Article by Diogo Teles, Roberta Lock, & Richard Zhuang

Device for Transplanting Therapeutic Human Cells 

Source Publication: 

A retrievable implant for the long-term encapsulation and survival of therapeutic xenogeneic cells, Nature Biomedical Engineering, 2020

Suman Bose et al., Daniel G. Anderson Lab

The transplantation of therapeutic cells is a promising option in the treatment of several chronic diseases like type 1 diabetes and chronic kidney disease. In both diseases, the patient’s organs cannot produce important hormones (insulin and erythropoietin, respectively) as they are supposed to. A promising treatment option would be to transplant cells from a healthy donor to function in place of the diseased cells of the patient. However, the major barrier to doing this is that transplanted cells and devices can be attacked by the host’s immune system. To overcome this, different technologies have been developed to provide a safe option for their transplantation without the need for long-term suppression of the patient’s entire immune system. While several encapsulation methods have been studied over the years, there remains a need for a device which does not provoke a foreign body response. Now, a team at Massachusetts Institute of Technology (MIT) has reported a biocompatible device with a chemically modified surface for the long-term transplant of therapeutic cells in the absence of immunosuppression.

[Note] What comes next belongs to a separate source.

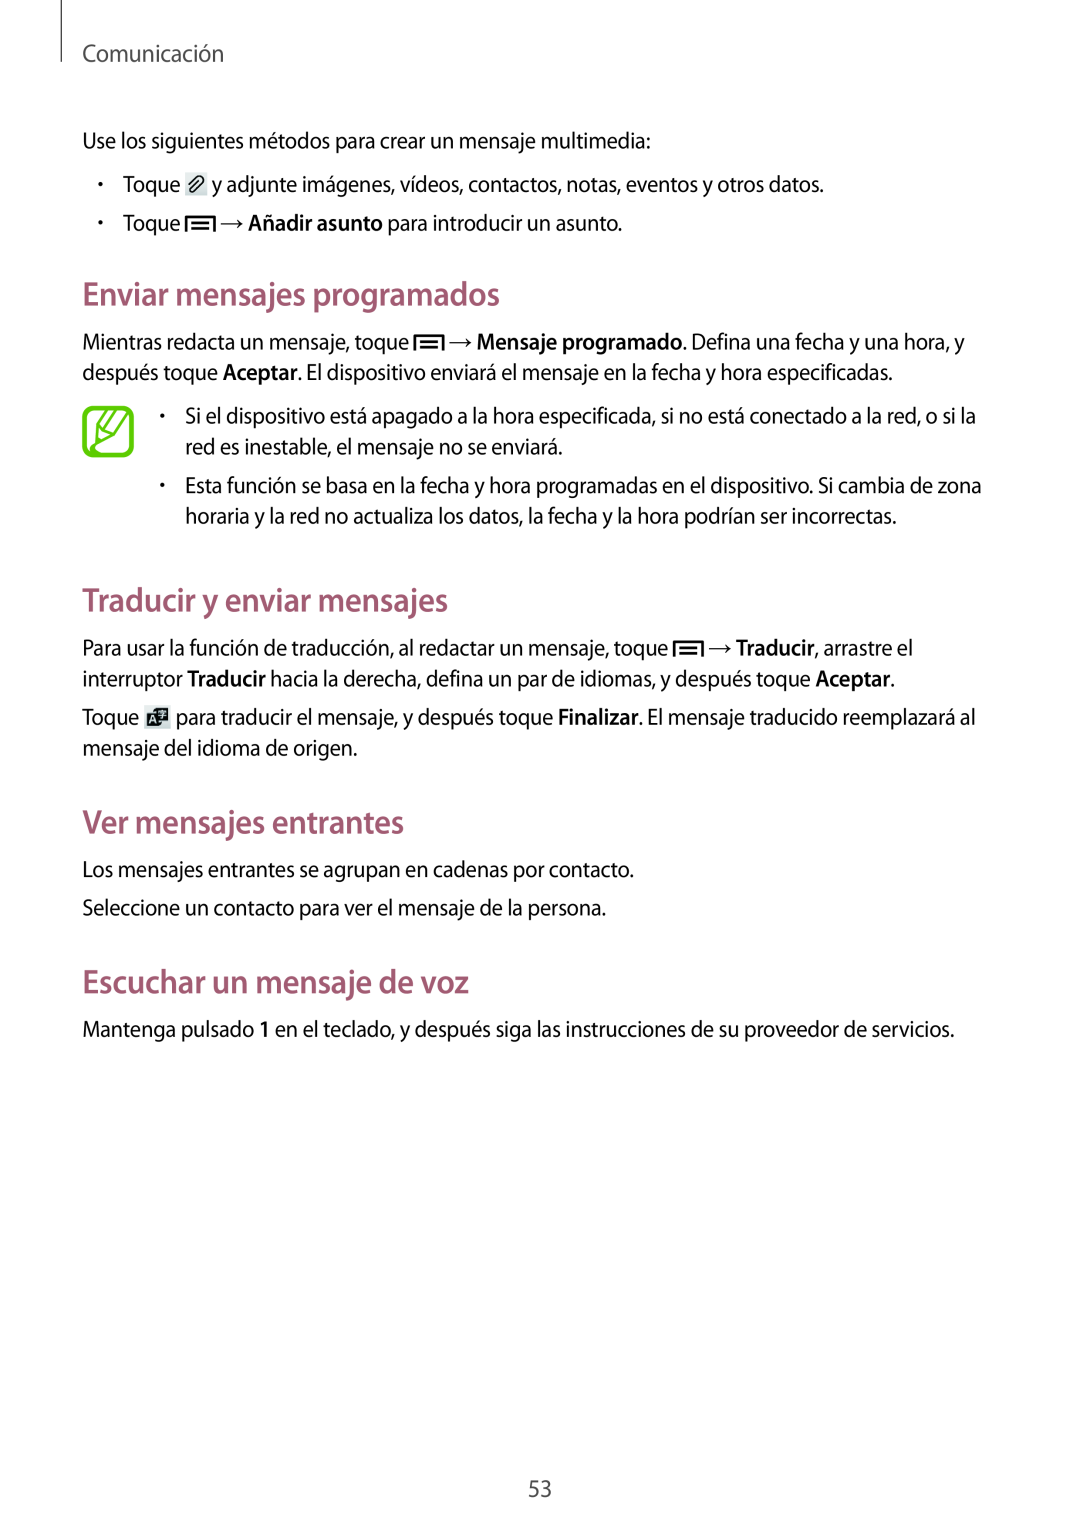 Samsung GT-I9195ZWASEB manual Enviar mensajes programados, Traducir y enviar mensajes, Ver mensajes entrantes, Comunicación

What did these researchers do?

The researchers developed an implantable and retrievable device for the transplantation of therapeutic cells which comprises two main components: a reservoir for the therapeutic cells, and a thin porous polymer membrane. The membrane has the optimal pore size to hold the therapeutic cells inside the device, preventing its invasion by the host’s immune cells, while still allowing for the diffusion of oxygen, nutrients, and secreted factors like hormones. This device is also coated with the small molecule tetrahydropyran phenyl triazole (THPT), which prevents cell overgrowth and fibrosis. 

Implantable Device_edited.jpg

They showed the applicability of this technology by encapsulating human kidney cells and rat pancreas cells in several devices and transplanting them in mice with functional immune systems. Animals transplanted with devices containing kidney cells that were bioengineered to produce erythropoietin — a hormone that drives red blood cell production — presented increased serum levels of erythropoietin and red blood cells, which decreased after the removal of the device. Other devices encapsulating rat pancreatic cells were transplanted into diabetic mice. The blood glucose levels of these animals normalized rapidly after the device’s implantation, a process regulated by insulin.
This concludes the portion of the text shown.